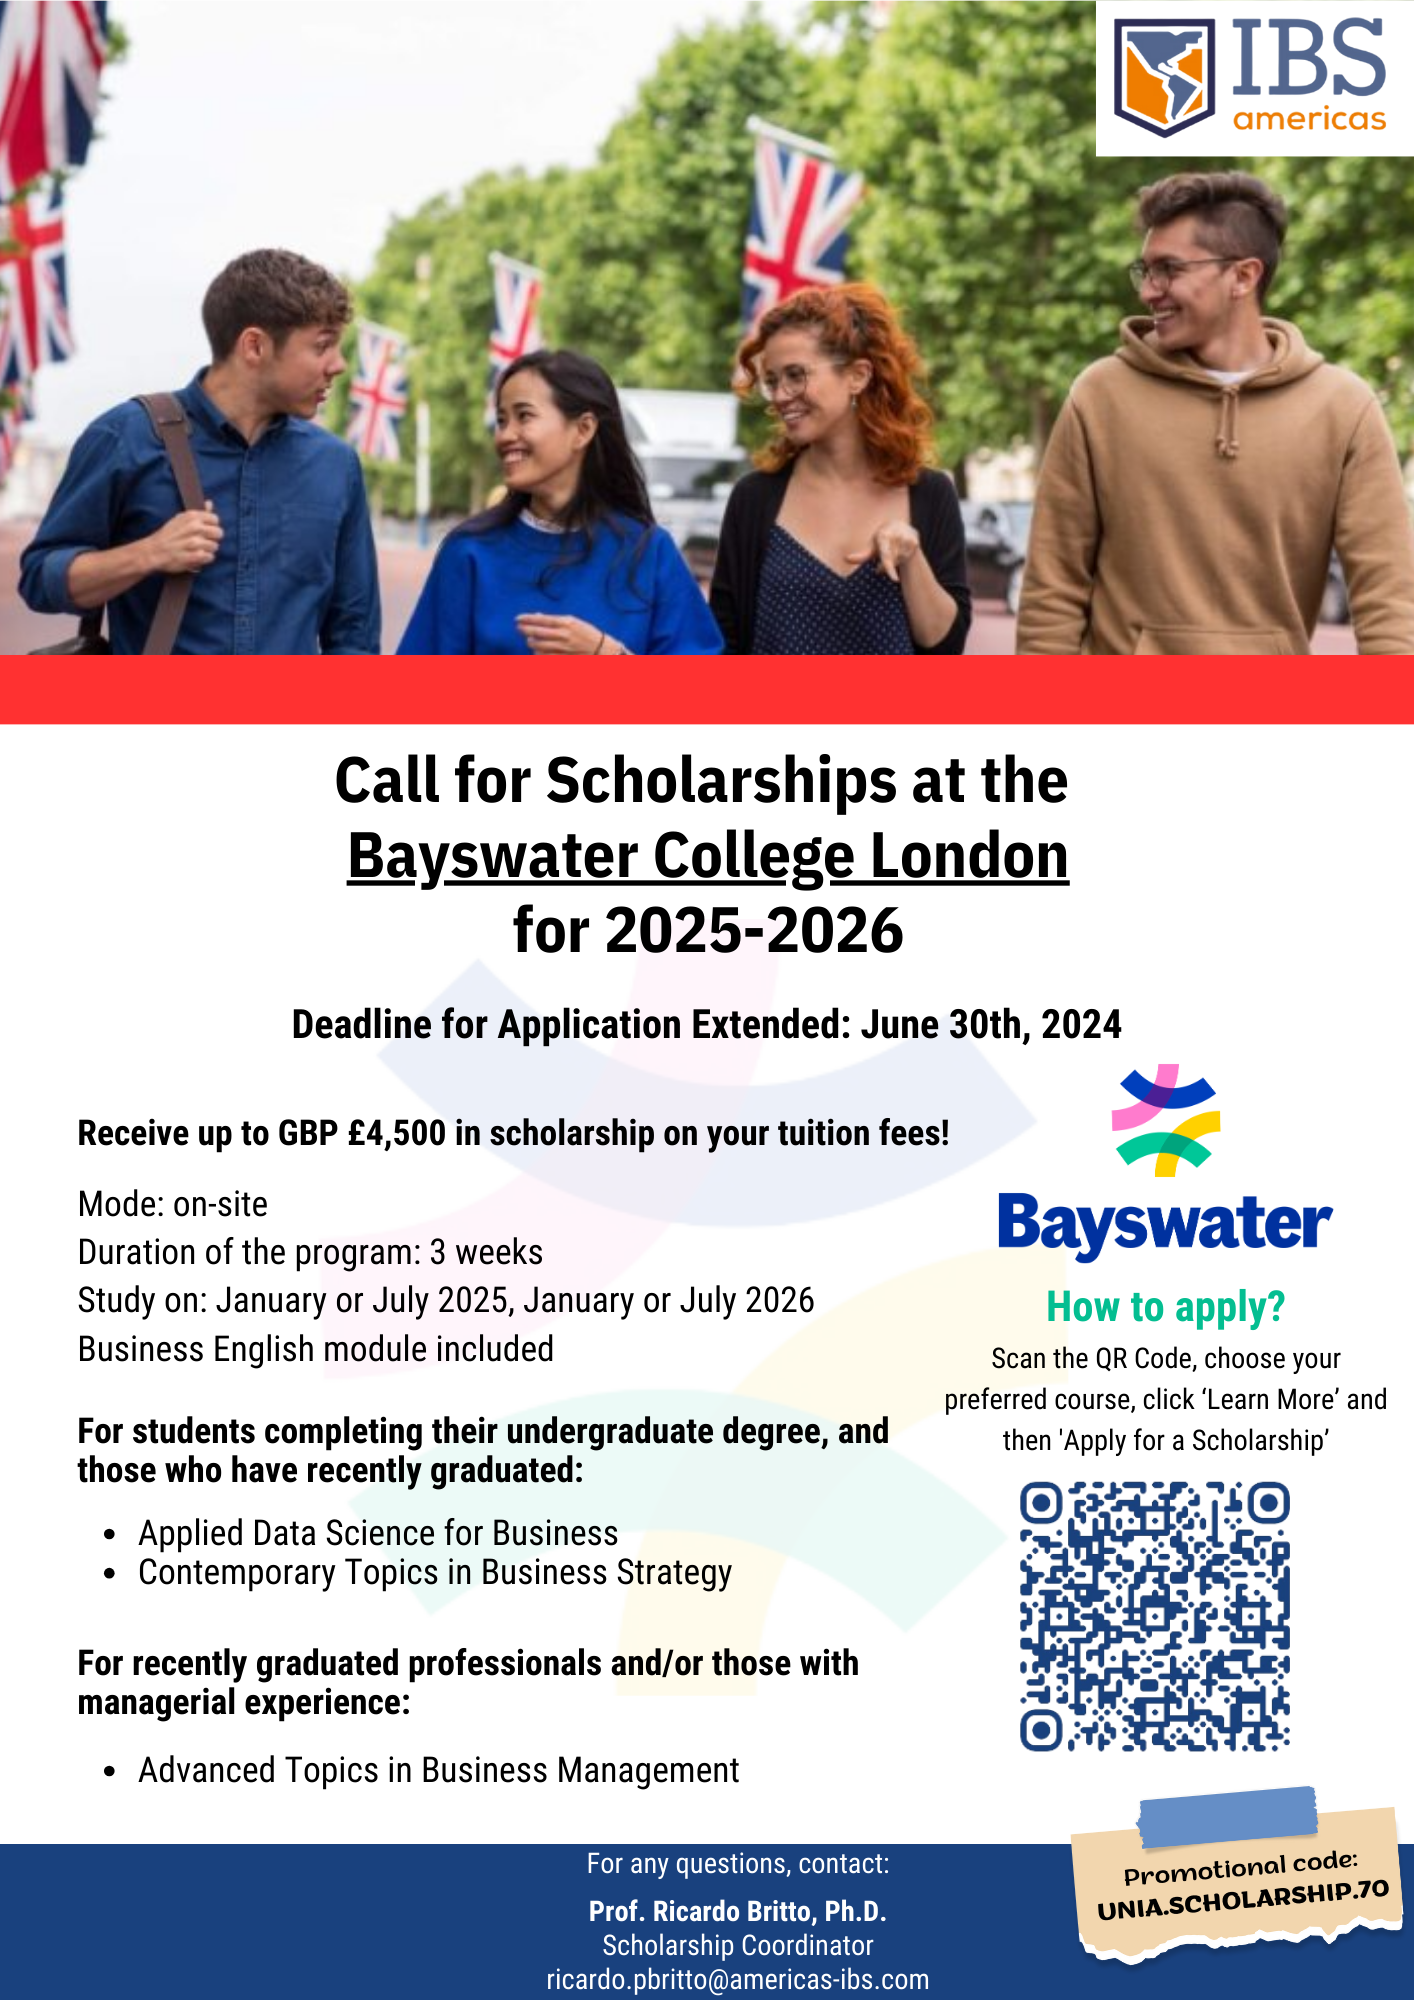 Call for Scholarships at the Bayswater College London 2025-2026
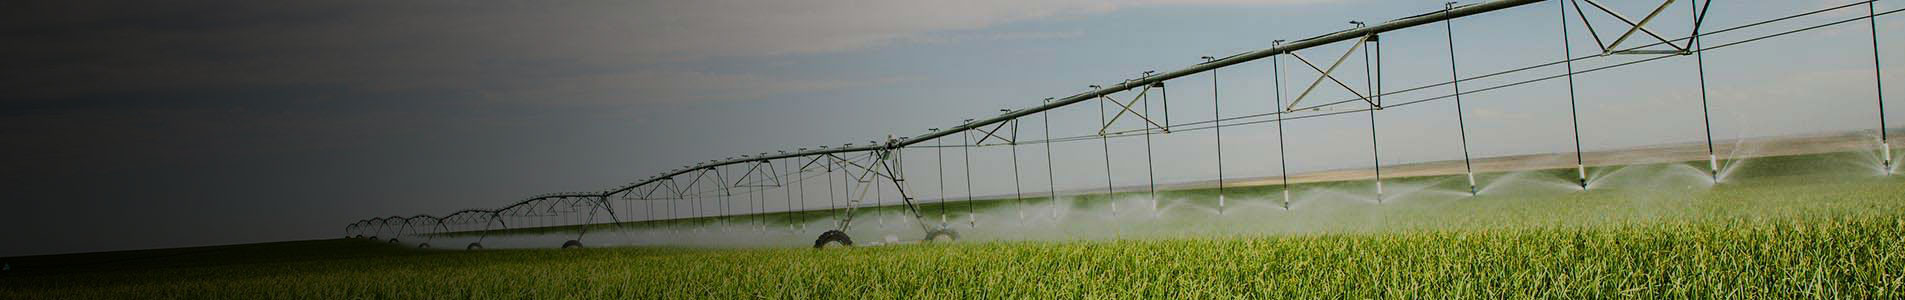 valley variable rate irrigation speed control - water application management solution
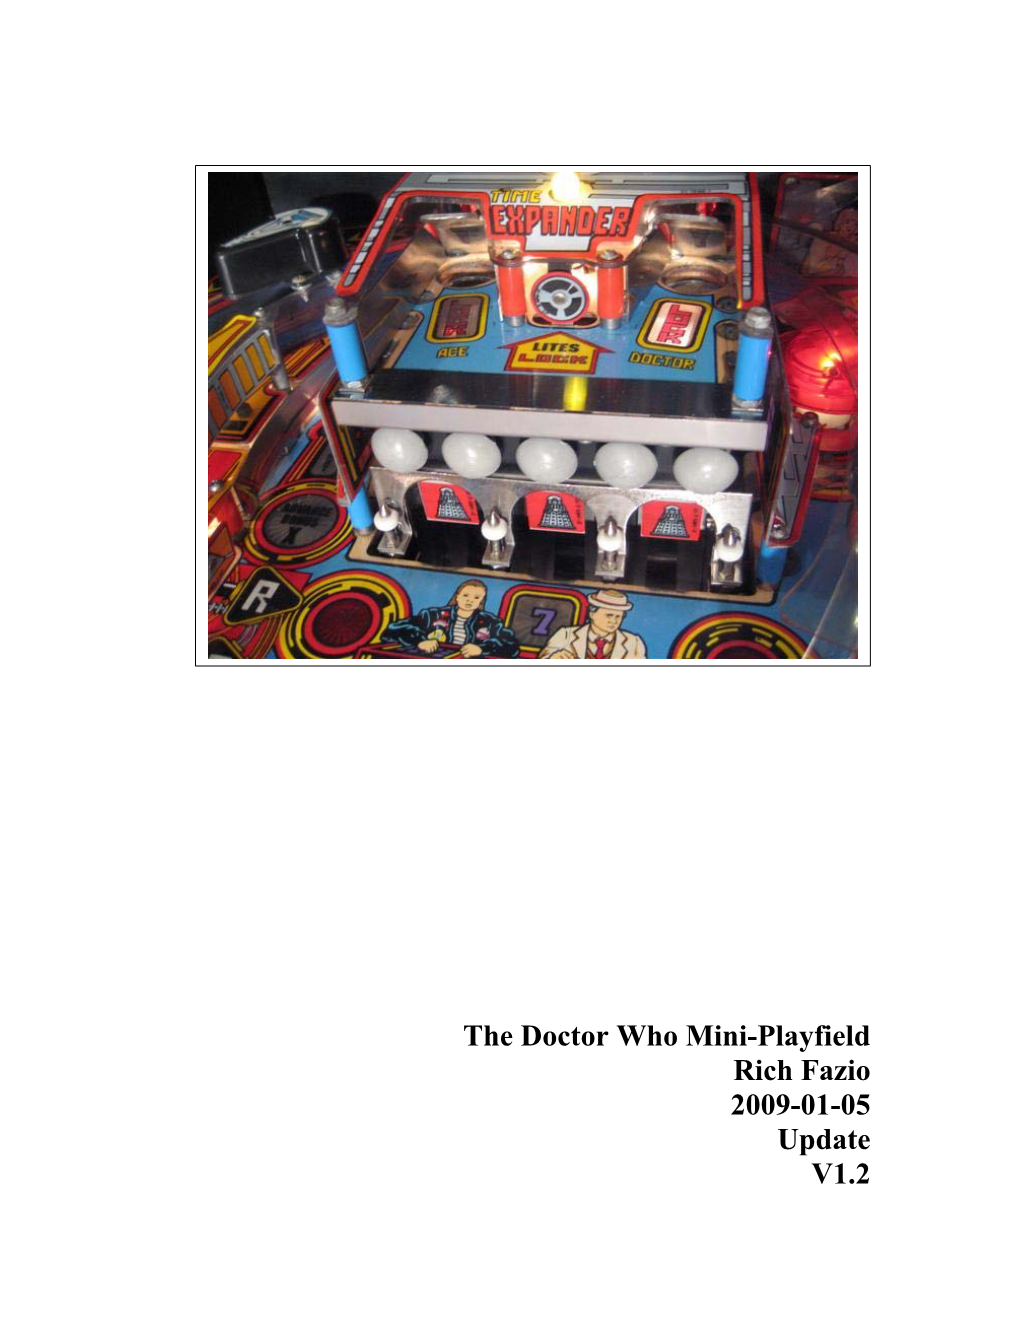 The Doctor Who Mini-Playfield Rich Fazio 2009-01-05 Update V1.2
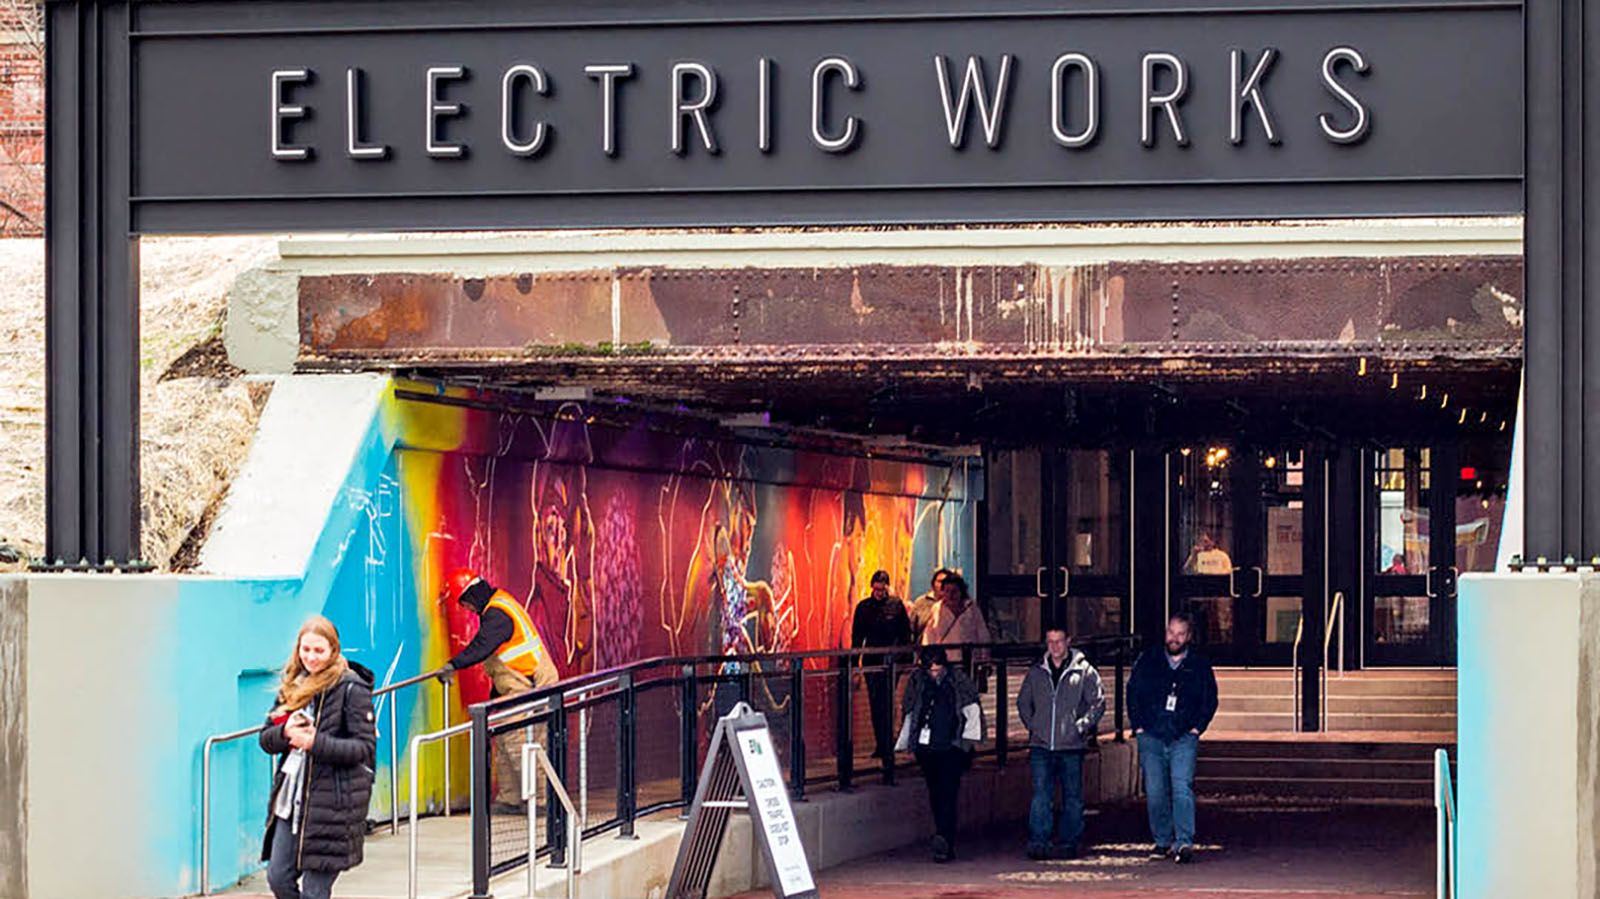 You may soon be able to consume alcoholic beverages outdoors at Electric Works.

To do: What is needed is an exact repetition of every line from the line with "valley variable rate" to the end of the data above, both ends included, with no pictures.

Solution to the problem:
 valley variable rate irrigation speed control - water application management solution
 The Doctor Who Mini-Playfield Rich Fazio 2009-01-05 Update V1.2
 You may soon be able to consume alcoholic beverages outdoors at Electric Works.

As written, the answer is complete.